Rencana kita hari ini turun dari sepeda, bukan naik sepeda dulu, karena sepeda akan tetap kita gunakan sebagai alat transportasi utama antar kota agar kali ini kita tidak bosan sendiri. Kaki kita...
Jam selalu bekerja pada pukul 6 sore. ) Pertunjukan tradisional untuk membeli sesuatu untuk perjalanan besok.
Untungnya kali ini kami menemukan laundry yang bisa dibersihkan sekali dan diambil keesokan harinya, nah, itu berarti mencuci laundry, sekarang saatnya mencari bahan di pasar dengan cara tradisional.
Pasar di dekat Graha Media PWI (menurut kami) sangat memudahkan dan nyaman untuk berjalan kaki di tempat-tempat di kota ini, karena taman kota harus tersedia, karena selalu hijau. Dikelilingi oleh pepohonan, dan ada juga trotoar yang ditumbuhi pepohonan lebat, yang membuat jalan-jalan sore tidak terlalu menegangkan (jika Anda tidak tahan dengan beban berat), tapi ini luar biasa. Orang masih jarang berjalan. Sebagian besar warga terpaksa menggunakan kendaraan, sebagian masih menggunakan sepeda sebagai alat transportasi alternatif, namun jumlah penggunanya masih melebihi jumlah pengguna kendaraan (kalau tidak, bersepeda adalah acara yang seru..).
Begitu sampai di pasar tradisional, suasana menyenangkan antara penjual dan pembeli tampak biasa saja, kami menunggu dibukanya berbagai tenda dan sarapan sebelum nasi yang dijual menguning. Sepanjang jalan. angkringan terlihat menarik. Menu sarapannya cukup untuk menutupi perut dengan nasi kuning dan teh manis panas.
Suasana pasar tradisional
Dengan perut kenyang, saatnya mengisi pasar dan mencari barang, mencari tempat tidur untuk memenuhi semua kebutuhan yang ada di daftar. Ini adalah ruangan tempat para jurnalis bekerja (di kamar tidur yang kami gunakan).
Kami sangat lelah karena kami makan banyak di siang hari; Tidak ada tempat untuk pergi, terutama di malam hari, dan kami akhirnya makan buah di sepanjang jalan dan berpatroli. Ramtan. Dibeli di lingkungan pasar tradisional. Saya pikir akan lebih baik mencari tempat tinggal di siang hari, tetapi tiba-tiba saya memutuskan untuk beristirahat di masjid. Masjid.

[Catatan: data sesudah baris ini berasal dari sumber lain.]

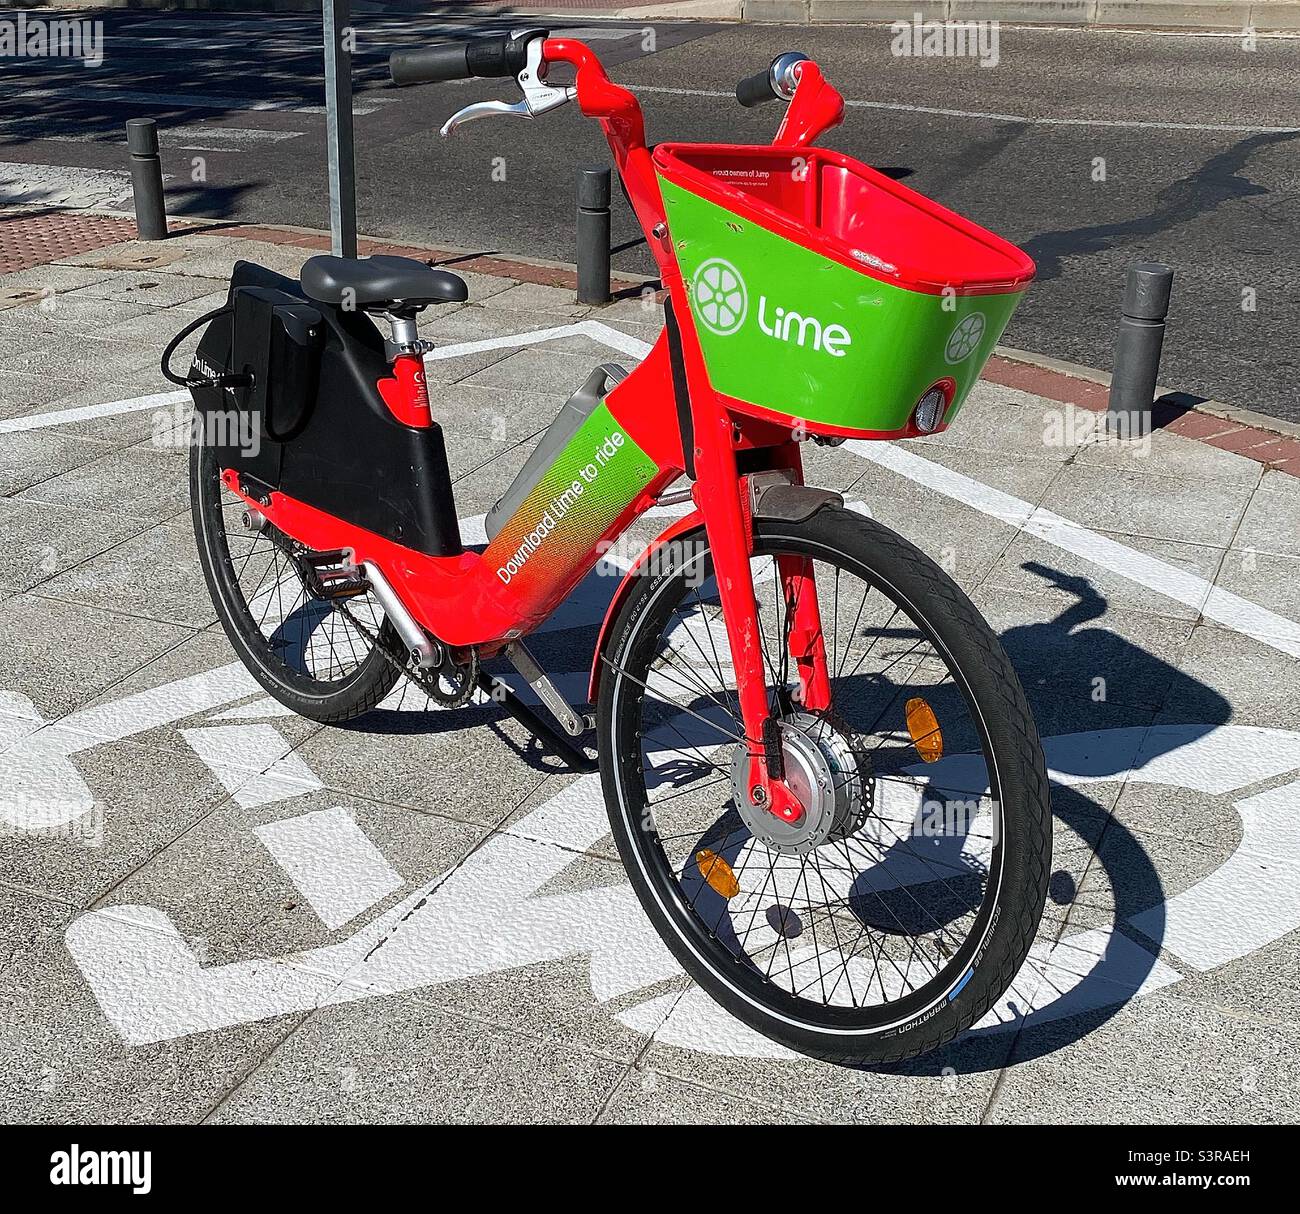 Ein E-Bike aus Limone wird auf einem dafür vorgesehenen Platz abgestellt, damit das nächste Mitglied es nutzen kann. Elektrofahrräder werden als Alternative zu Autos immer beliebter für kurze Fahrten. Stockfoto

Kami memiliki pengalaman berharga dalam menulis bab terakhir, yang selalu menjadi "benang merah" ketika kami tinggal di masjid (untung masjid ada AC, suasana di dalam sangat bagus dan nyaman) - di mana kami? Setelah ibadah dan disana ibu-ibu bertanya kemana kami akan pergi, saya tidak tahu bagaimana mereka tahu kami bukan tetangga di Jombang, kami bilang kami orang lokal. Kami tinggal di Jakarta dan Becca, tetapi kami berada di Cojjan, jadi tujuan kami adalah untuk melanjutkan ke arah ini. Misi itu adalah perjalanan pribadi. Berapa biaya perjalanan hidup dan pandangan ini Jumbang?Di mana kita tinggal? Sementara itu, Graha Media juga sedang berlibur di PWI, namun kami akan kembali keesokan harinya. Ketika kita memutuskan untuk menempuh jalan ini, kita harus berusaha memahami perasaan dan pikiran orang lain sehingga kita tidak khawatir akan dinilai sebagai “orang asing” daripada sebagai saudara laki-laki atau perempuan. Meskipun kami membutuhkan asrama, kami membutuhkan tempat tinggal, jadi seorang kerabat yang merawat anak yatim mengizinkan kami untuk tinggal di rumah. Sang ayah "tidak mengasihani" putranya, tetapi memberi kami tempat berlindung sementara.
Tapi saat itu, kami dengan rendah hati menerima ego kami karena kami ingin keluar dari Jawa secepatnya (dan sedikit kesal dengan abu rokok dan penggunaan ruang). Dia mengklaim bahwa kami akan kembali besok (keputusan ini masih salah satu hal yang kami sesali, jika kami masih setuju untuk menyediakan tempat tinggal sementara, kami akan memiliki nilai penting lainnya dalam hidup). Di satu sisi, kita dapat membuat hidup lebih berharga dengan menonton dan mendengarkan sejarah semua pelanggan) tetapi bagaimanapun, keputusan ini adalah pelajaran berharga bagi kami berdua. Lepaskan ego lain dan mulailah melihat segala sesuatu secara lebih luas dan mulai dari awal lagi.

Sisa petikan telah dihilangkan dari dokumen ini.